While most of us learn to conserve and be thrifty, powerful rulers and their cohorts live a life of extravagance built on the backs of people who work hard for very little or nothing. But I have no doubt that even average people unknowingly buy items in which slavery played a role in their production. Whenever an antislavery protocol is adopted, the industry covered by it is always given a few years to enforce it. I see no excuse why it can't be enforced immediately. Yet even after the deadline, slavery persists in the industry, as if the rules were never adopted.

If even one candy bar made from cocoa farmed by child slaves is sold in America - 7 years after the Harkin-Engel Protocol was adopted - that's a problem.

Countries have made efforts to prosecute those who exploit slave labor. But often they don't have enough resources, because the systems there are burdened. So I'd like to see the U.S. pass a law that makes American antislavery laws applicable in other countries when goods sold in America have slave-made ingredients or parts. These other lands may have extradition treaties with the U.S., and I guarantee you that if I was a country where slavery was occurring, I'd want the slave-drivers to be punished in every country where the slave-made products were distributed. If overseas exploiters can't be held criminally liable by the U.S., then they should damn well be held civilly liable.
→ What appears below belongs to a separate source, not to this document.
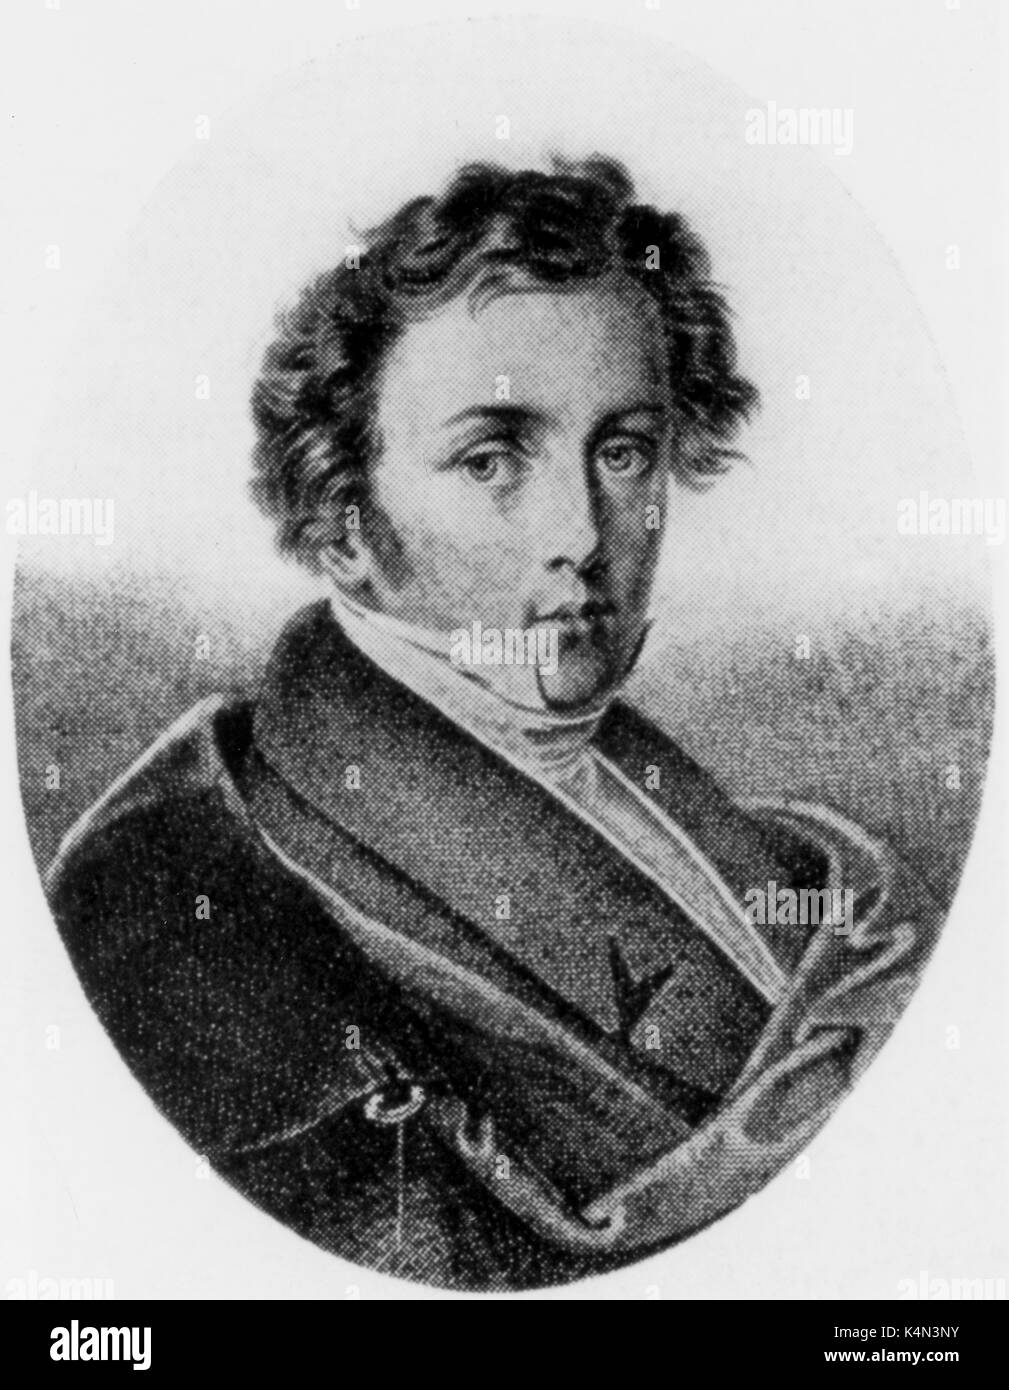 Wilhelm Müller, autor,1794-1857. Amigo de Schubert, escribió la letra de Schubert 'Die schöne Müllerin' Foto de stock

Penalties should apply to every party that exploited the slave labor. From the overseas plantation or factory owner to the American corporation, all should be held responsible. I'm wondering why we can't already prosecute a U.S.-based corporation even without a long-arm law.

If global greed merchants think it pays to exploit workers, the problem is just going to get worse. And it'll get worse for you too, not just someone in a faraway land.